Em postagem em redes sociais na quinta (14), Eduardo negou ter recebido recursos do fundo e afirmou que a suspeita “não se sustenta e é tosca”. Disse ainda que seu status migratório nos EUA não permitiria tal operação. Já Mario Frias informou ao Intercept que “Eduardo Bolsonaro não é e nunca foi produtor-executivo” do filme.

O orçamento total da produção, segundo documentos obtidos pelo site, está estimado entre US$ 23 milhões e US$ 26 milhões —valor que condiz montante que Flávio Bolsonaro negociou com Vorcaro: US$ 24 milhões.

11 thoughts on “Documentos apontam Eduardo como produtor-executivo e gestor financeiro de “Dark Horse”

  1. O lulobolsonarismo é realmente fantástico, o lulismo nos deu o bolsonarismo, este, muito fraterno e justo, nos dará, de novo, o lulismo.

    Será que estamos eternamente condenados à periferia da periferia do capitalismo?

    • Sem entregarem nada, os pré-candidatos encontram-se empenhados em mostrar o que o outro teria de pior pra entregar.

      E, assim, entregaremos, mais uma vez, o país pras oligarquias nababescas e inúteis.

    • Diante dos dez trabalhos de Hércules pra enfrentar nossos problemas estruturais, ainda que longe de serem heróis, tenho ouvido o Zema bradando contra as oligarquias monárquicas e feudais e o Caiado falando em superação do atraso tecnológico de meio século.

      Mas o tom mesmo é mostrarem que o outro é o “mais pior”.

  2. As situação é muito interessante.

    Seria bom pro senhor Lula e seus idólatras tocarem no tema corrupção?

    Pra desenterrar mensalões e lava-jatos, praticamente insepultos, não são necessárias retroescavadeiras. E, ainda, há impressões digitais por tudo enquanto é banda.

    A impunidade dispensa luvas.

    Ouvi conversa de acordão.

  3. Além de apresentarem os dez trabalhos hercúleos pra enfrentarem nossos dez problemas estruturais, tenho mais um critério pra desenterrar meu título eleitoral: candidato que dispensa puxação de saco cinematográfica.

  4. ‘Não tenho que justificar nada para ninguém’, diz Rachadão sobre conversas com Vorcaro.

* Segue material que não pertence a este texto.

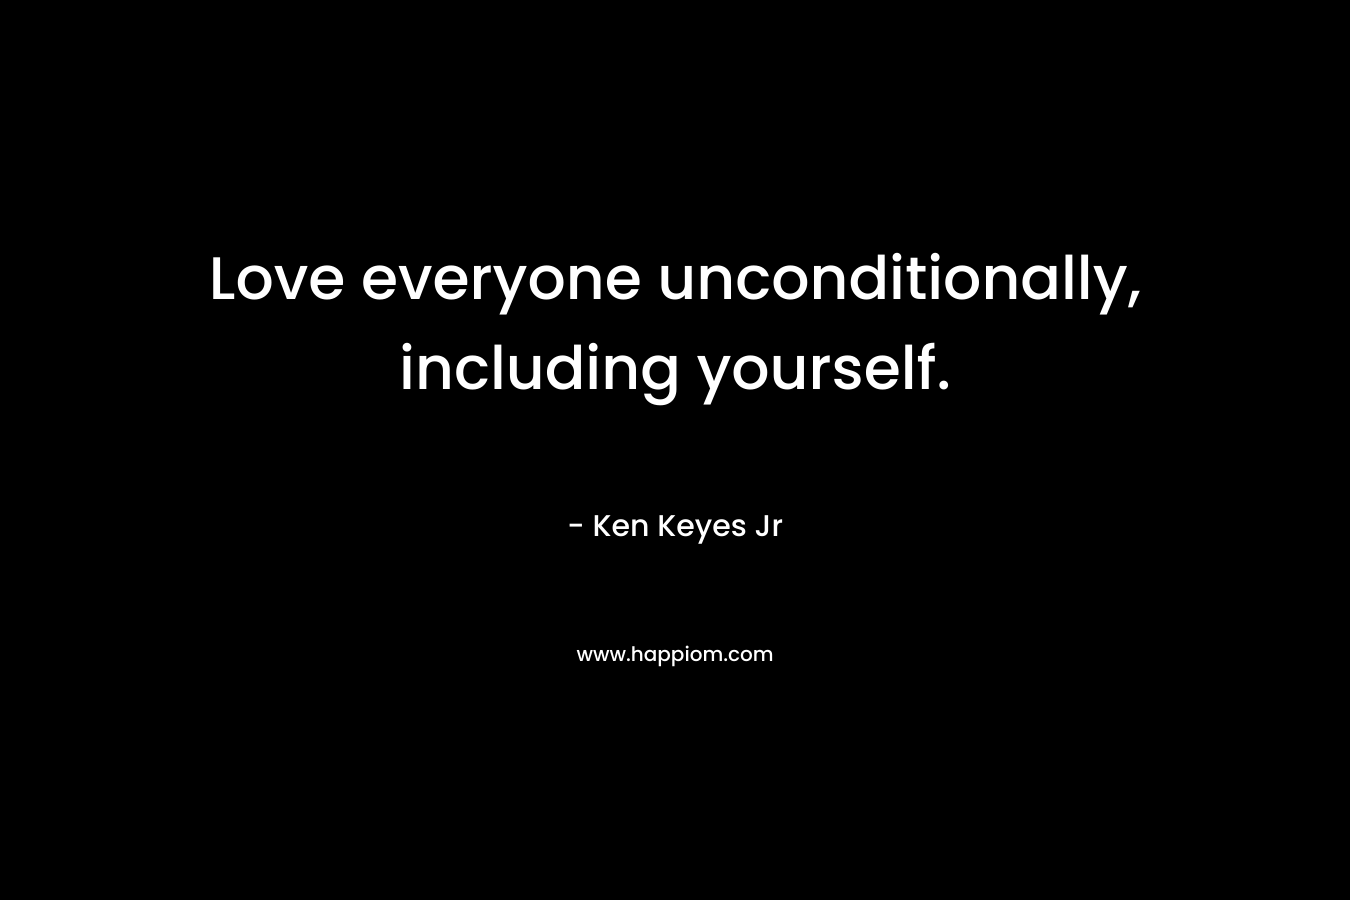 Love everyone unconditionally, including yourself.
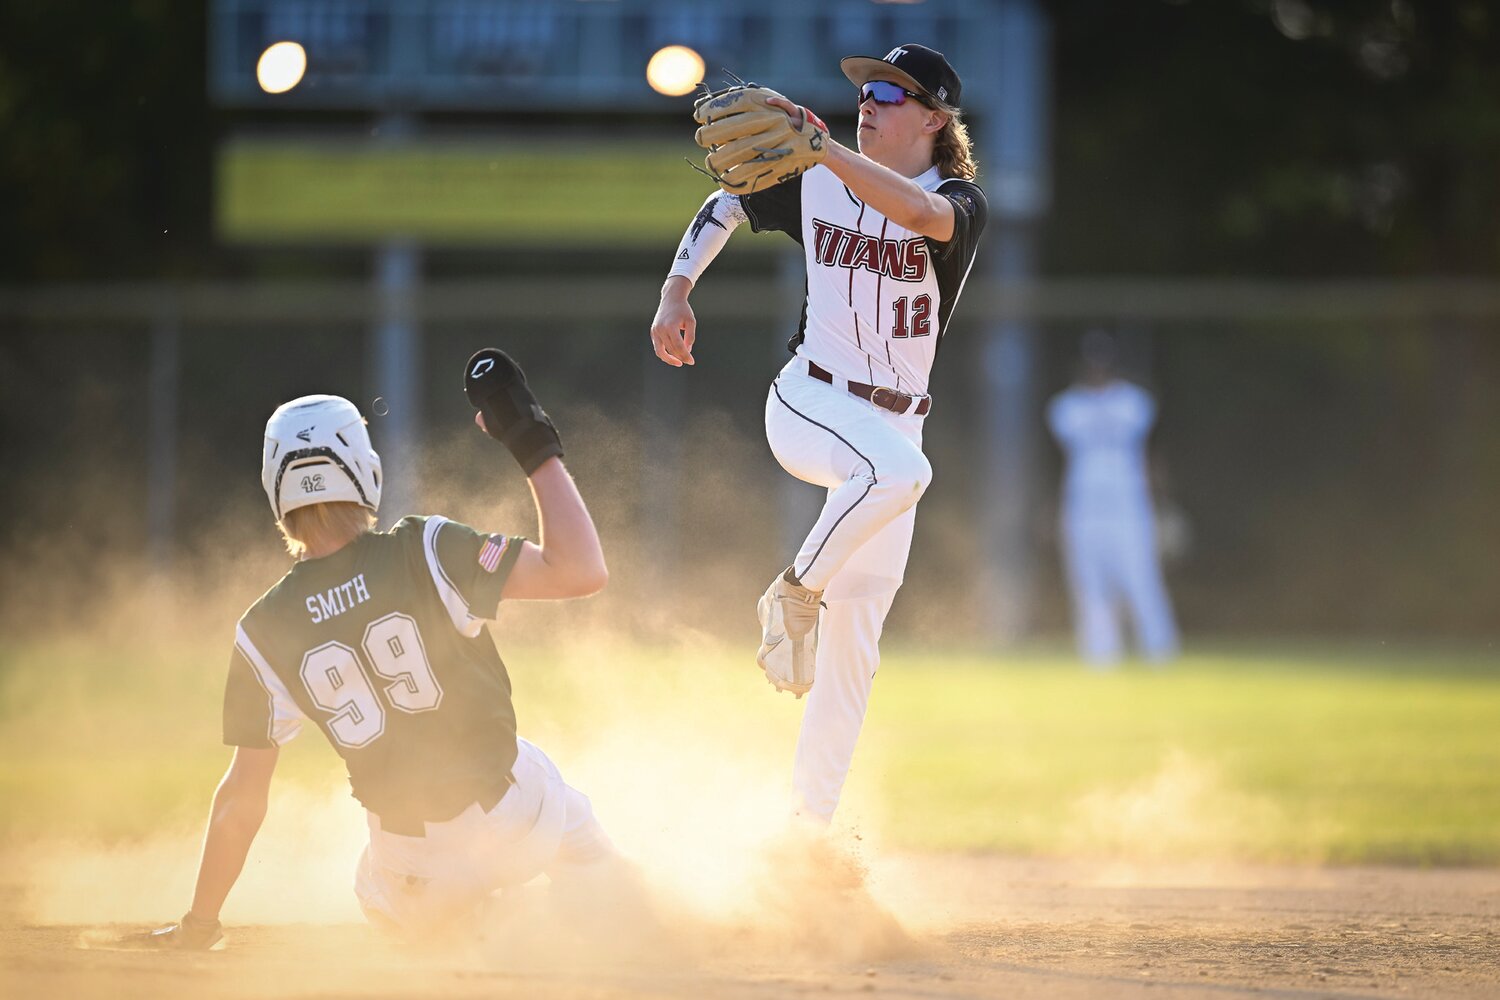 Pennridge’s Connor Smith slides into second base as Hatfield-Towamencin’s Brian Diffley fields the throw in the second inning.

    Fonte: Folha de S. Paulo, Política, 15.mai.2026 às 15h24 Por Italo Nogueira

    Se dirige a bolsotários provavelmente.

  5. Estou aguardando o Lula pautar sua campanha pelo mote anti-corrupção.

    Creio que ele não terá como chutar a bola levantado pelo Flávio.

    Saci quando chuta a bola, tende a cair

  6. Respondam-me , a classificação do filme ao custo de 134 milhões de reais a ser produzido pelos pimpolhos de Jair Bolsonaro é de ” ficção científica ou facção criminosa “?